Now and again, I want to see a bit of passion and intrigue, a little colour and mystery, a little fire and craziness.
So, despite the research and the science and the analysis, I stuck to my guns and submitted my guest post with its quirky, untested headline to the fearsome Problogger gatekeepers and awaited their verdict.
To my complete surprise they said absolutely nothing about my headline. It was my content they had a problem with! My post came back with a list of suggested amendments and clarifications.
Frankly, I would have beaten my grandmother to a pulp with a baseball bat if that’s what it took to get that posting, so I happily accepted their wise advice, made the changes and sent it back. To my delight, three weeks later, it hit the front page.
A couple of days after that, still unsure if sticking with my off the wall headline was the right move, I came across Jon Morrow’s great e-book, 52 headline hacks.
Now, I have a huge amount of admiration for John. He is another, amazingly successful blogger who always takes the scientific approach. His research is spot-on and he knows a huge amount about what does and doesn’t work.
His book covers similar ground to the Copyblogger guide but delivered in his own distinctive style. For example, right at the end he offers any brave blogger a challenge. Send Jon a headline you are proud of and if he likes it enough to read the article he might even give you a mention, or a precious link to his blog. That’s an excellent prize and a very clever way to engage readers. Hats off to Jon for that one.
I immediately emailed him my title and waited with bated breath for his reply.
He was straight back to me in less than a minute (how cool is that?) and gave his verdict!
“Your headline has some good power words, but it lacks a clear benefit.”

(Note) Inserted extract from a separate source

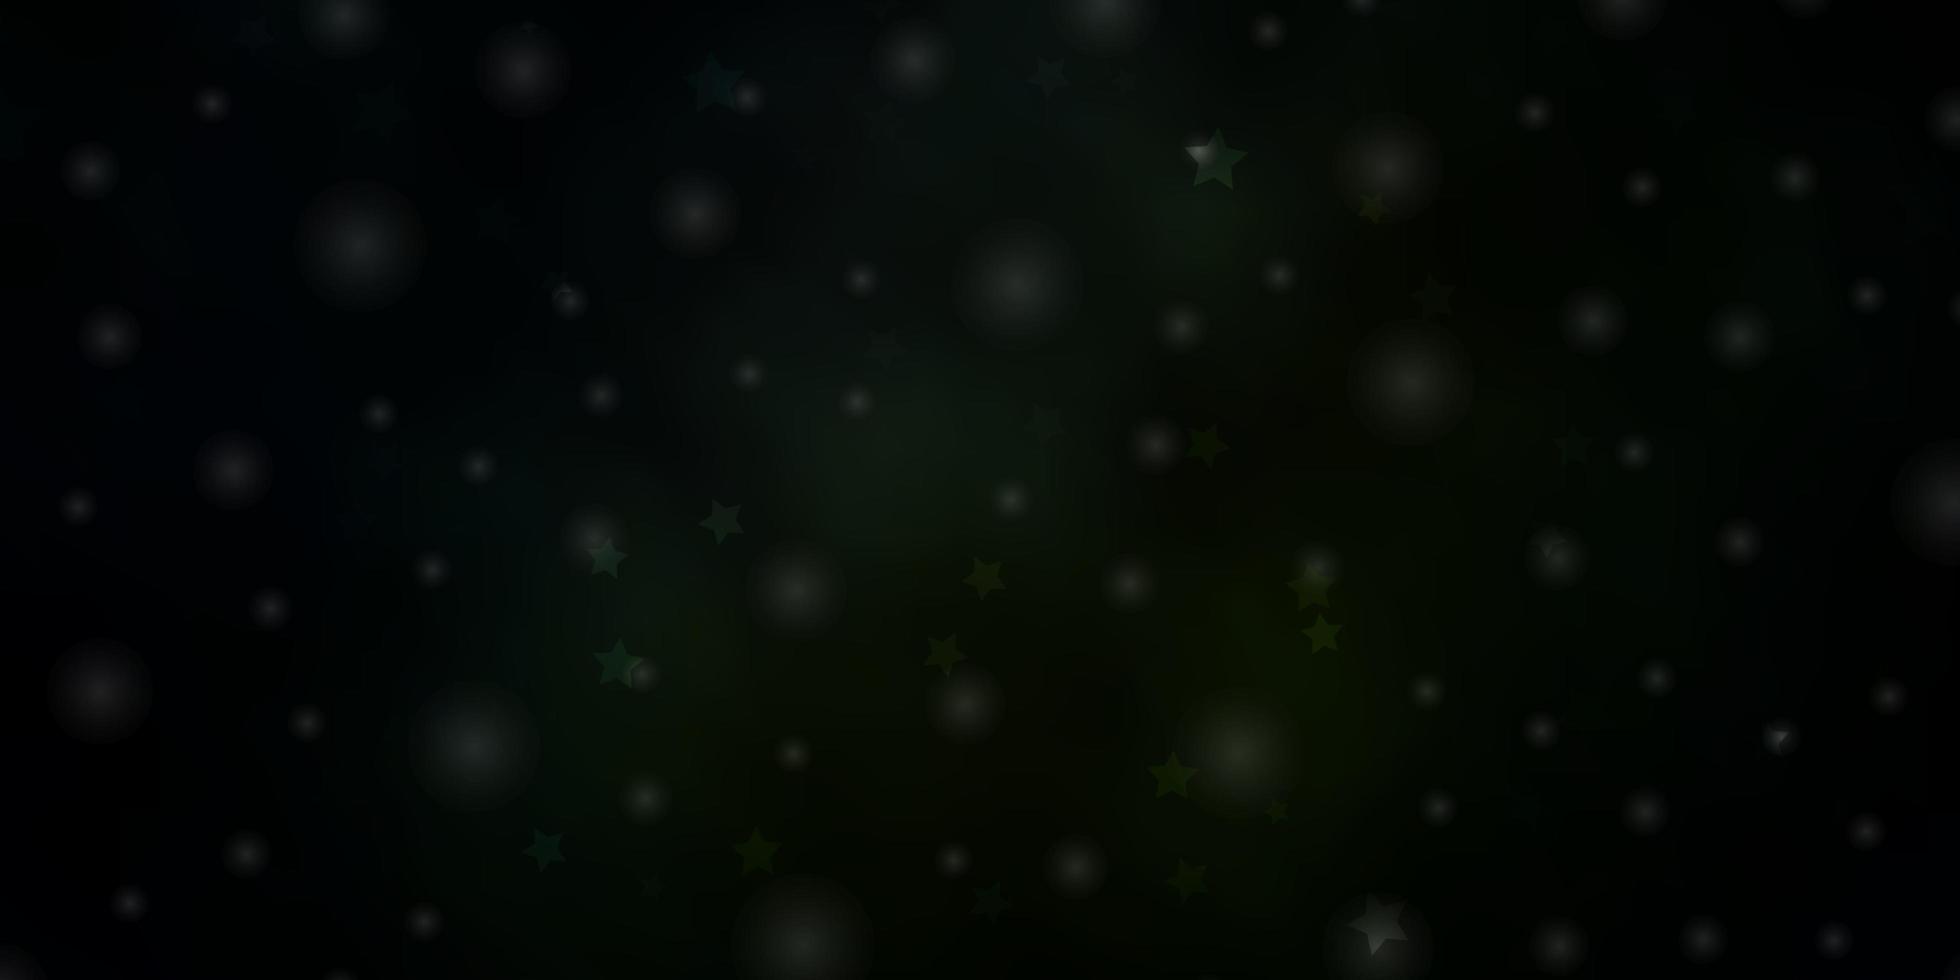 Plantilla de vector verde oscuro con estrellas de neón ilustración colorida en estilo abstracto con patrón de estrellas degradado para folletos de anuncios de año nuevo
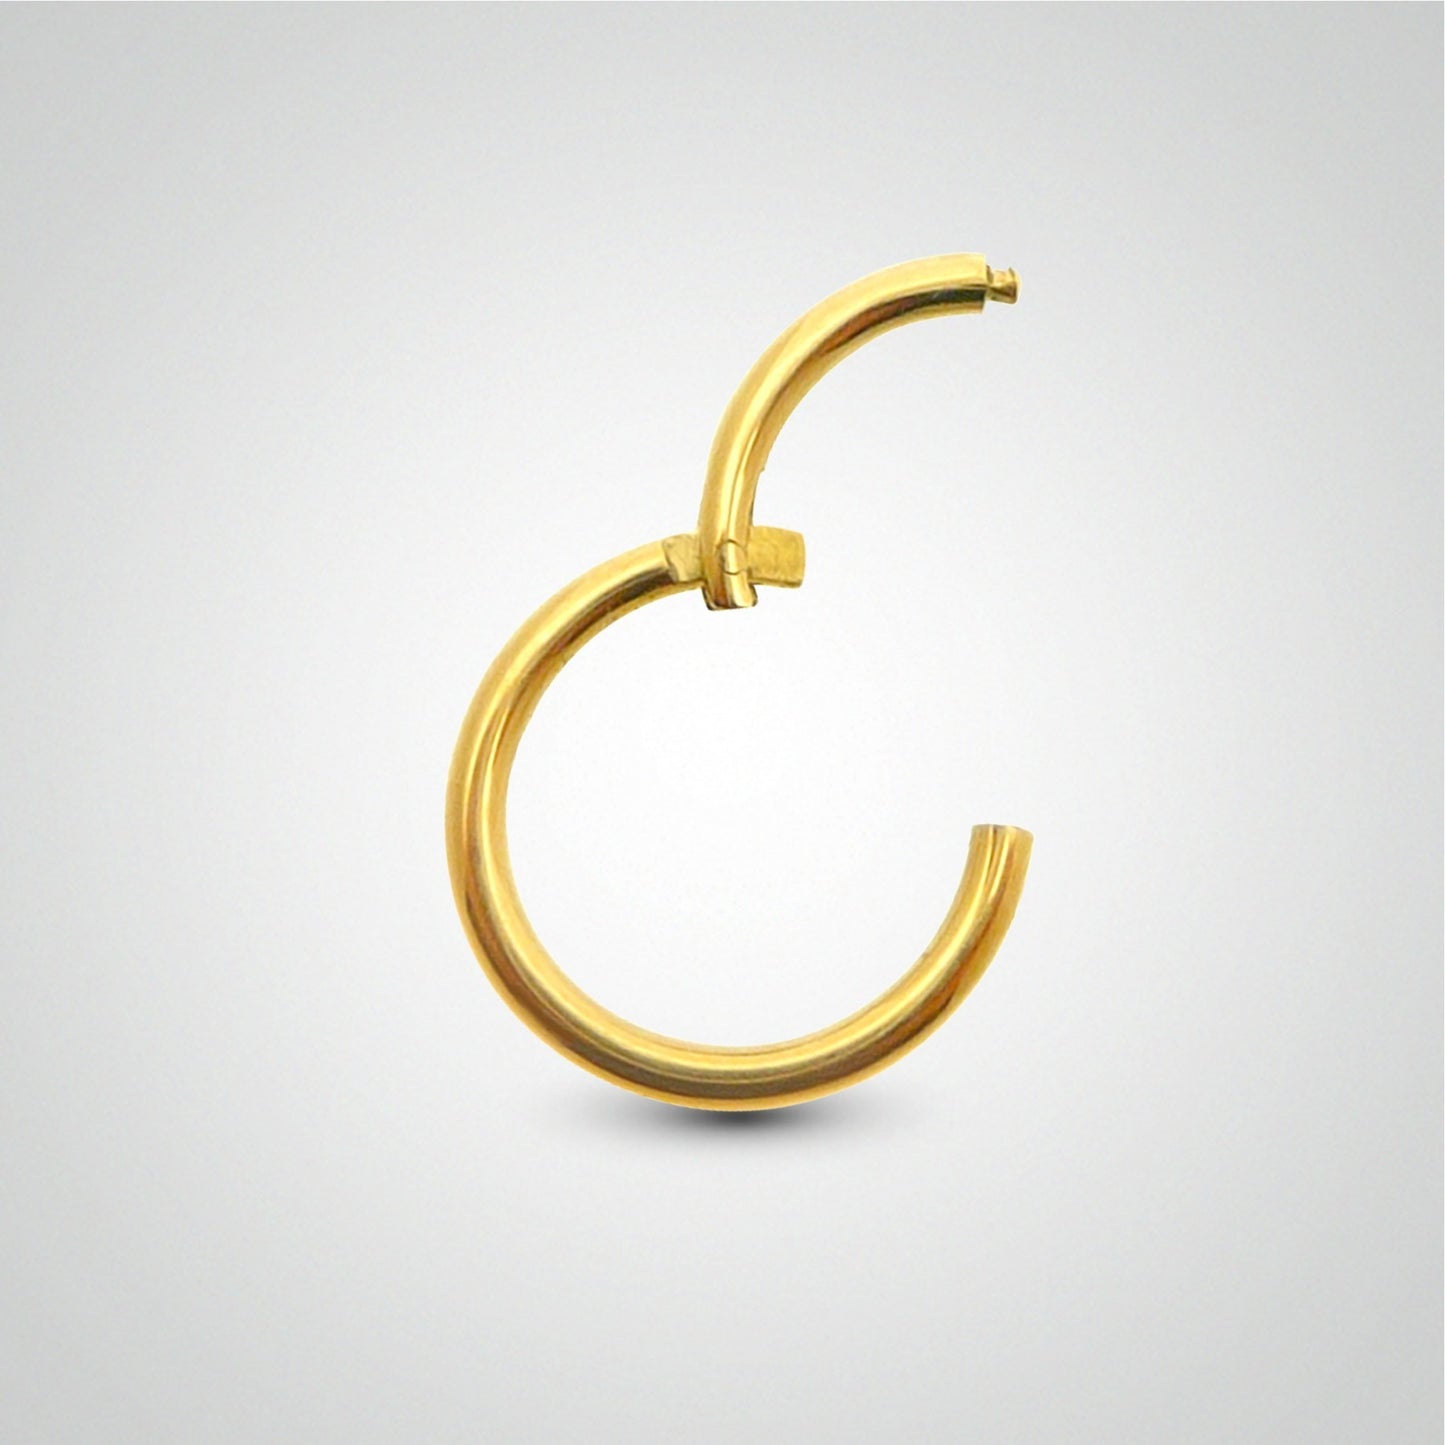 Piercing antihelix anneau or jaune avec zircons (charnière)

He’s right, of course; I had gone straight for the quirky, curiosity angle without delivering any payoff. In the eyes of a professional copywriter like Jon, I was leaving money on the table.
But I still liked my headline.
The Final Word
In the end I decided that all the science is great, and there have been and will be times when I want to be a straight down the line marketer and go for the best-converting headline that I can manufacture, as proven by the giants of direct mail. But this is a blog and just as important as traffic and conversions is building a personality and putting my own flesh and heart into the enterprise.
Yes, I want to sell, but I don’t want to be a vending machine.
So I still like my headline. And as it turns out, so do one or two of the people who read my post, so I will let them have the final verdict.
|You nailed a headline that lured me to your post and delivered loads of insight and so much fresh information that I had to read it four times!|
|I love this article. Frankly, I think you should write a post about how to write eye grabbing title because between the title and the first paragraph you had me hooked.|
|Hey! That’s some better way to attract visitors using attractive titles. It’s just amazing. Even I fell for the topic!|
Aww, thanks guys!
PS – for even more rigorous analysis here are two more excellent articles about effective headline formulae:
A Scientific Guide to Writing Great Headlines – covers Twitter and Facebook as well as blog posts
5 Data Insights into the Headlines Readers Click – results of a 750 respondent survey from Moz.com
What do you think? Do we need more quirky headlines? Or should we stick to the proven methods?